> Task
Reproduce the listing below character for character; drop every image.

> Given information
###
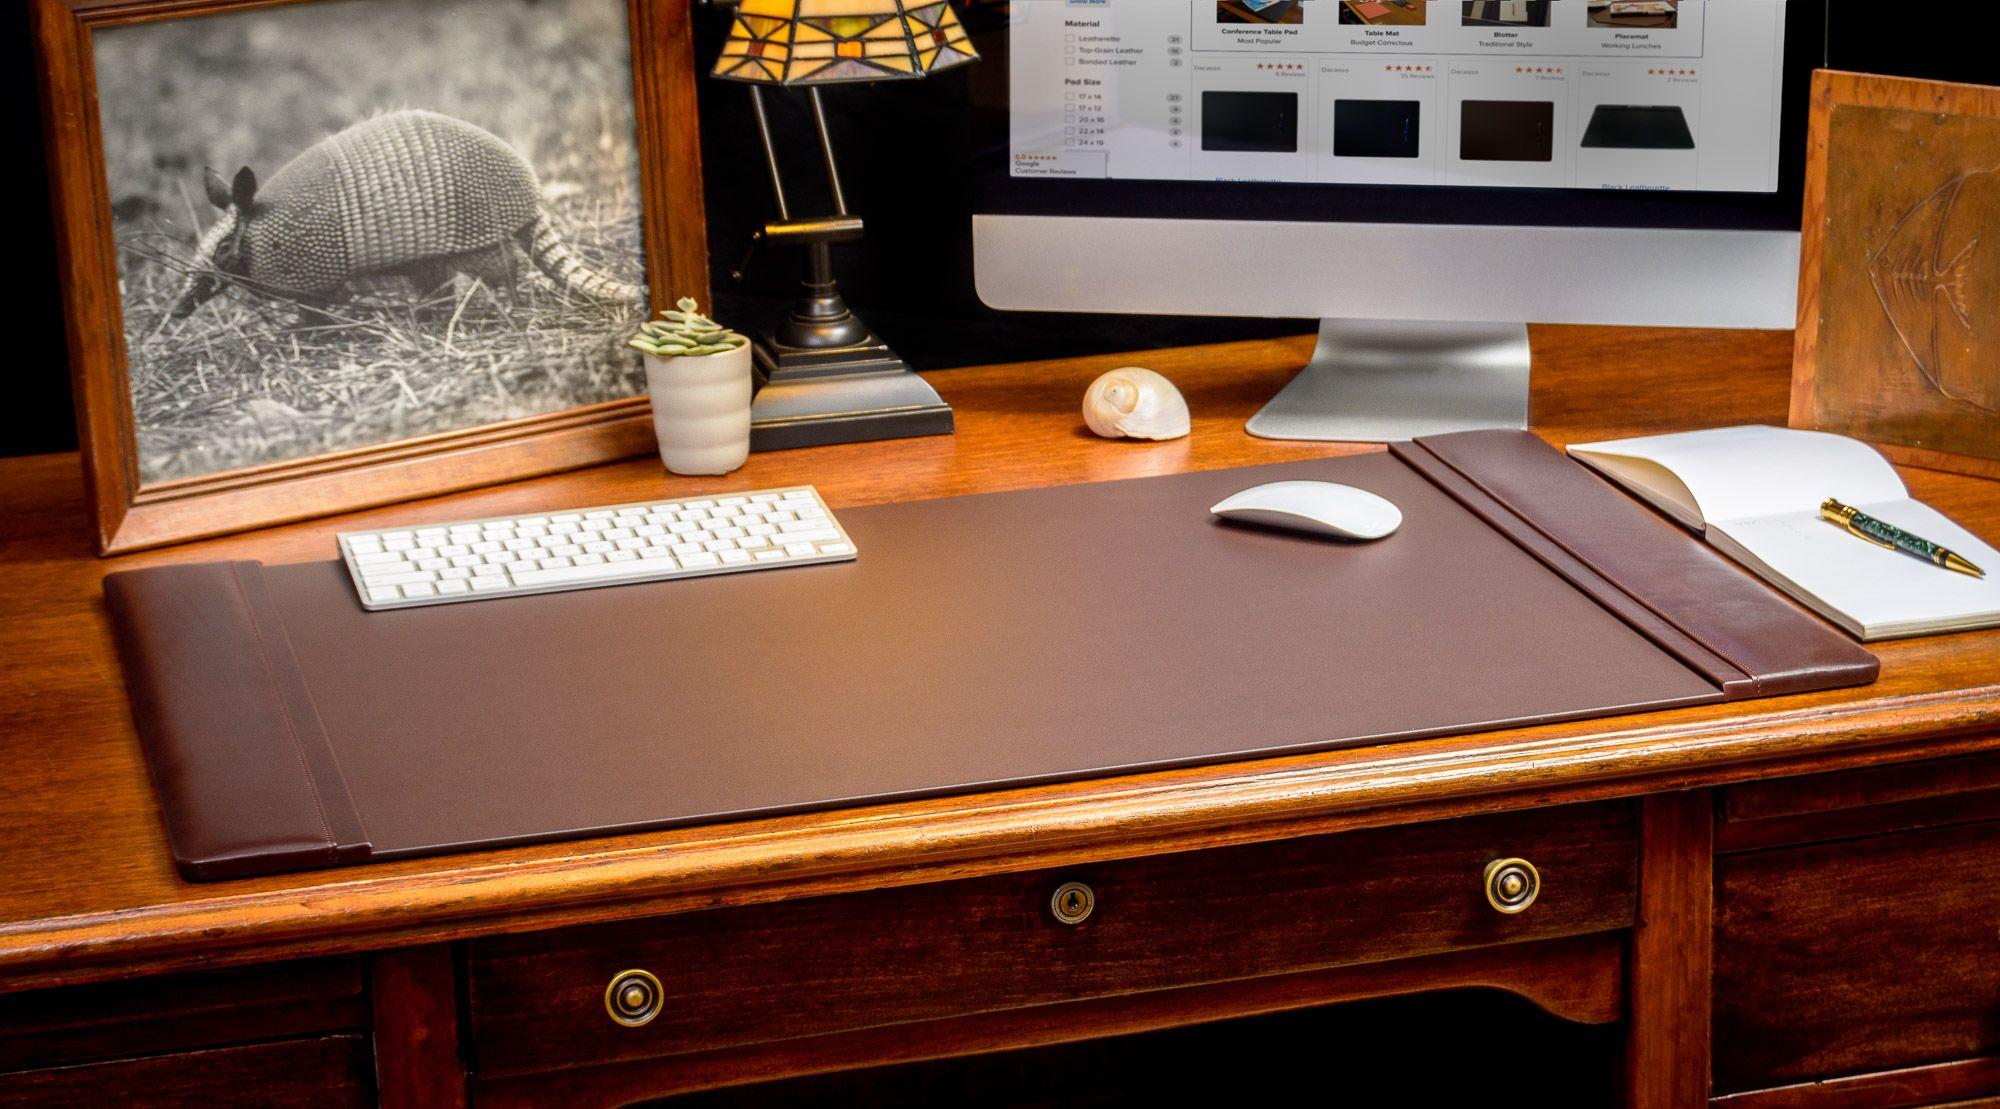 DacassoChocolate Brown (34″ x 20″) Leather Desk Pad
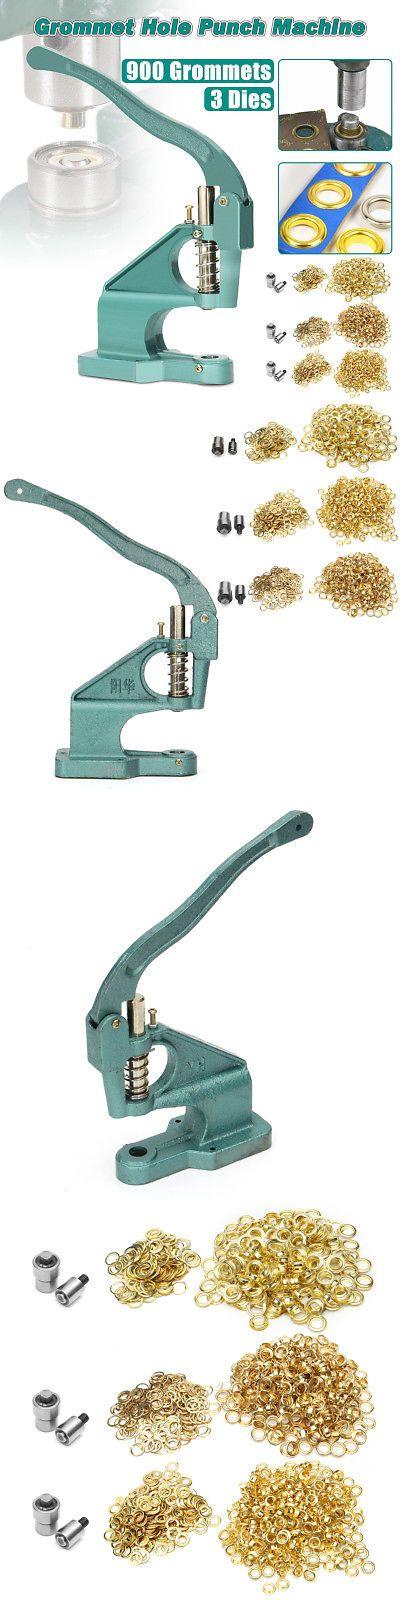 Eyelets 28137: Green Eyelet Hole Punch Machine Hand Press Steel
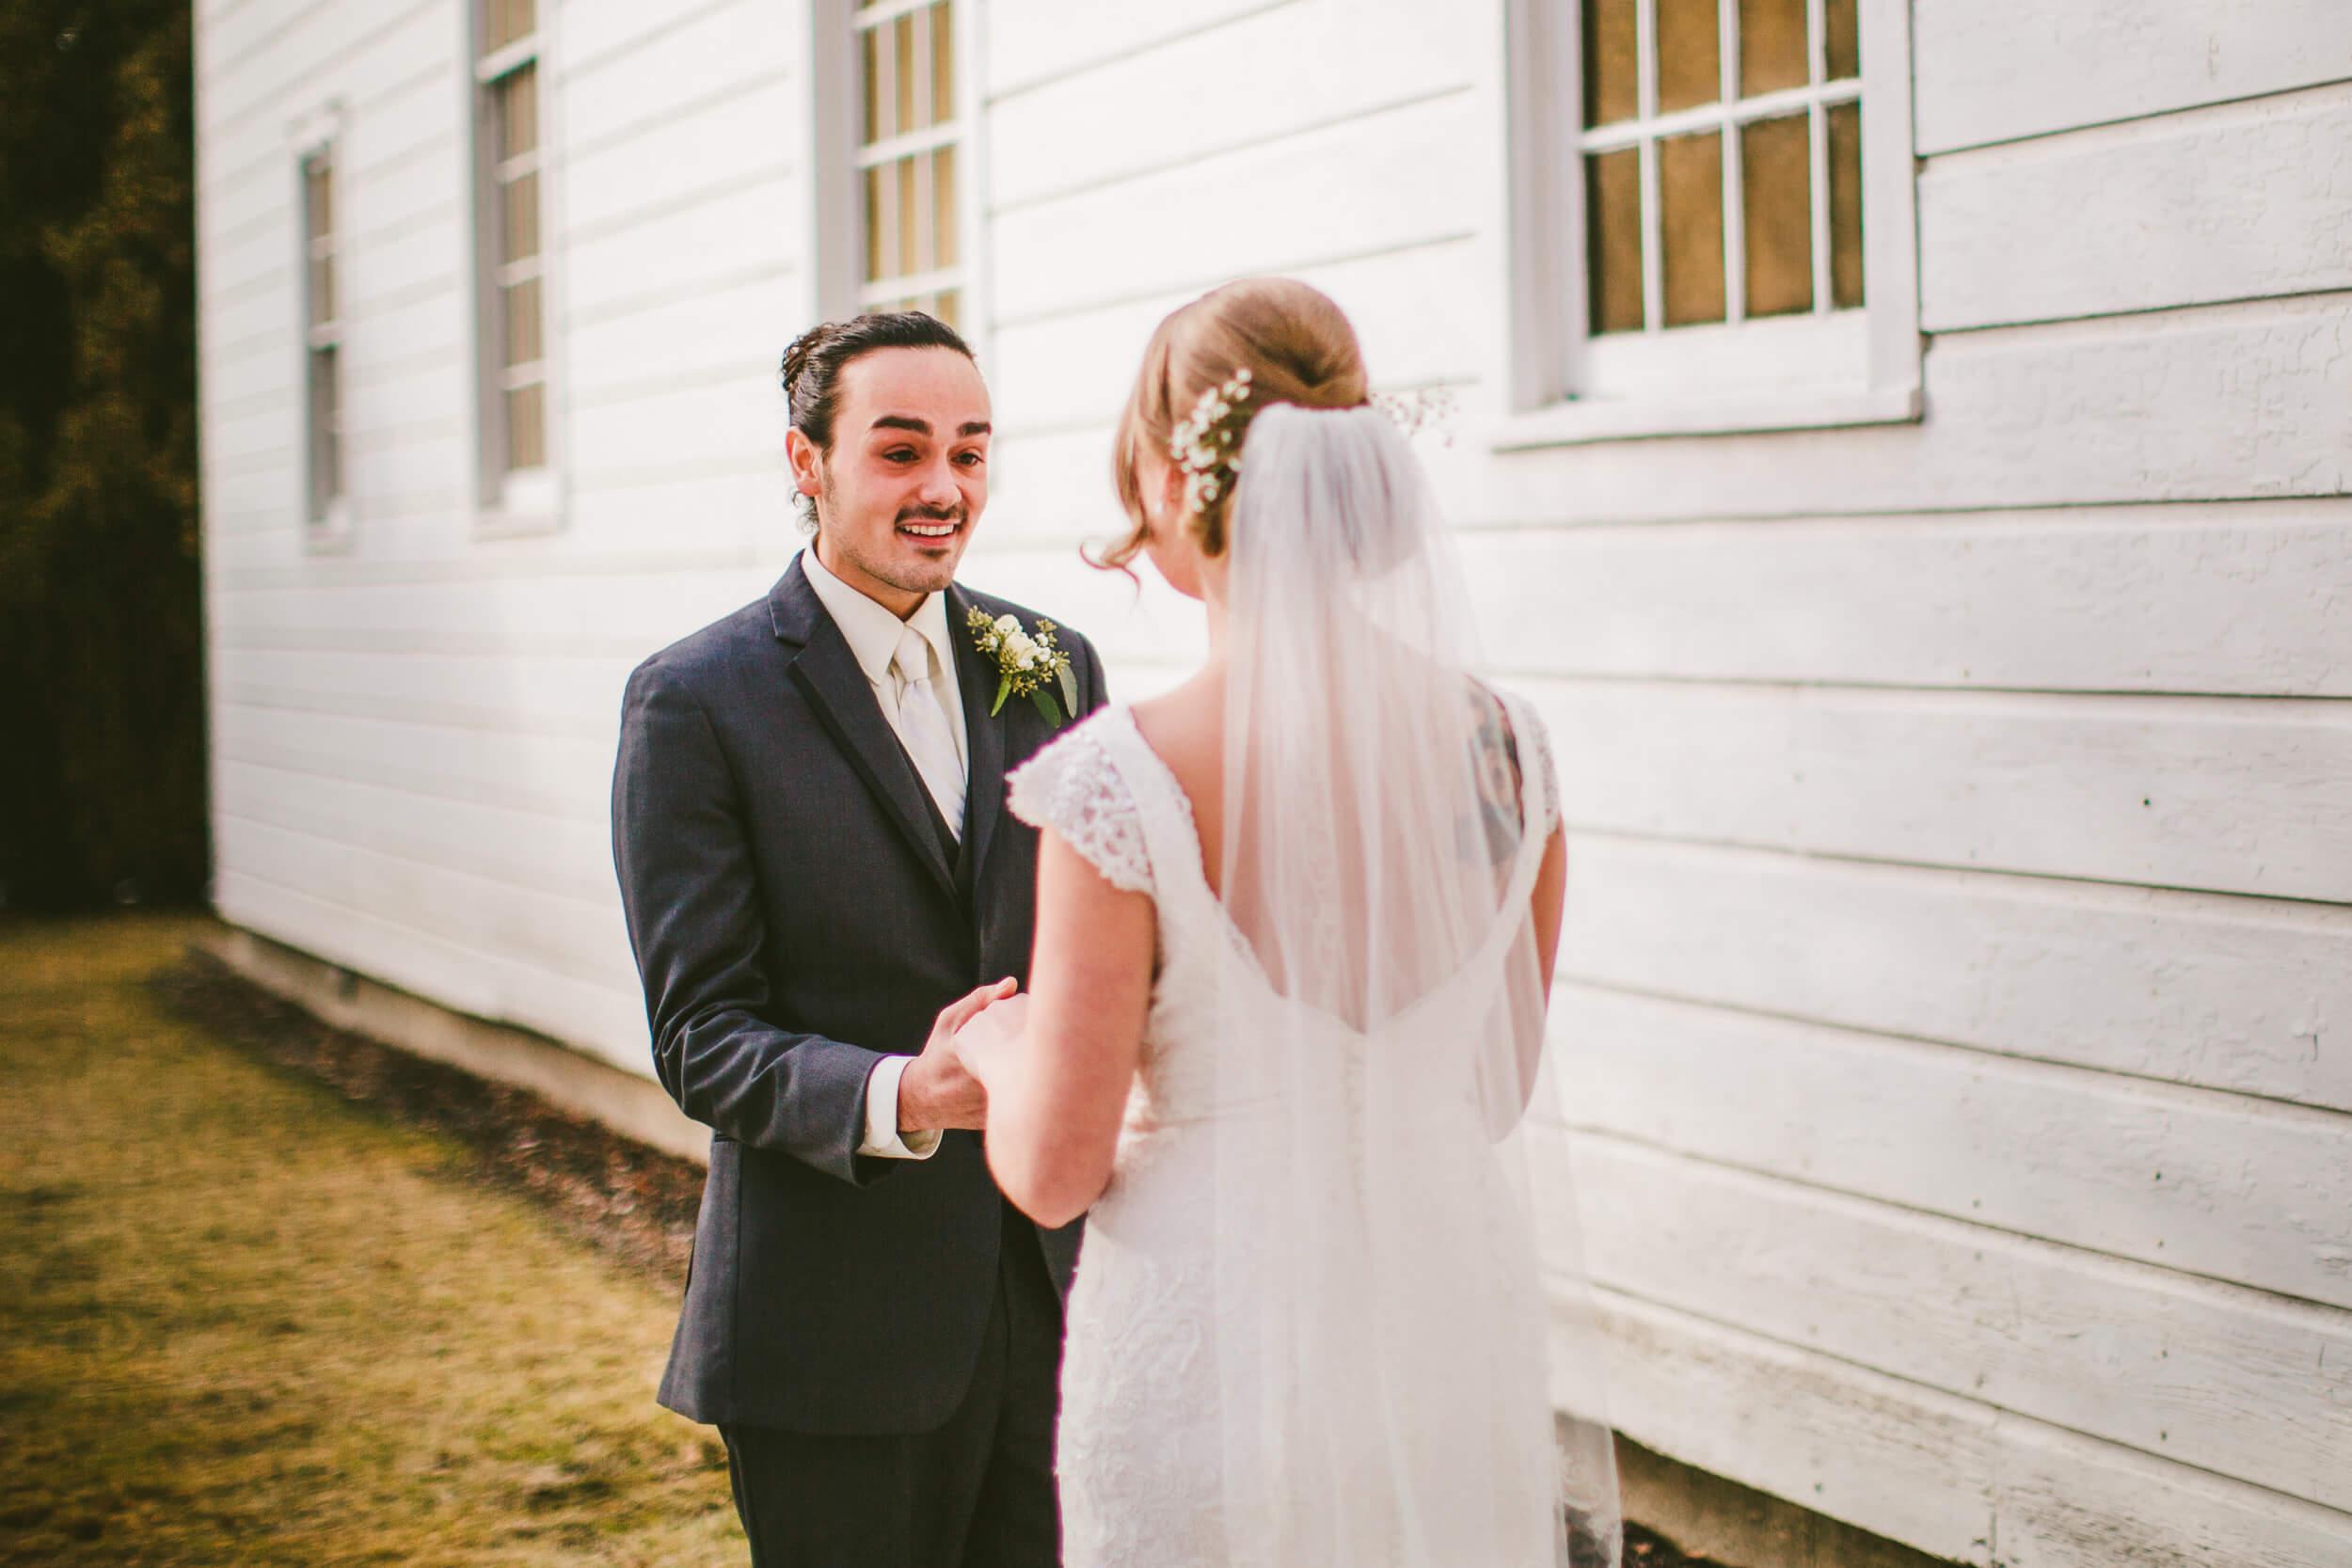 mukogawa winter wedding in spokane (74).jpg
###
> Written answer
 DacassoChocolate Brown (34″ x 20″) Leather Desk Pad
 Eyelets 28137: Green Eyelet Hole Punch Machine Hand Press Steel
 mukogawa winter wedding in spokane (74).jpg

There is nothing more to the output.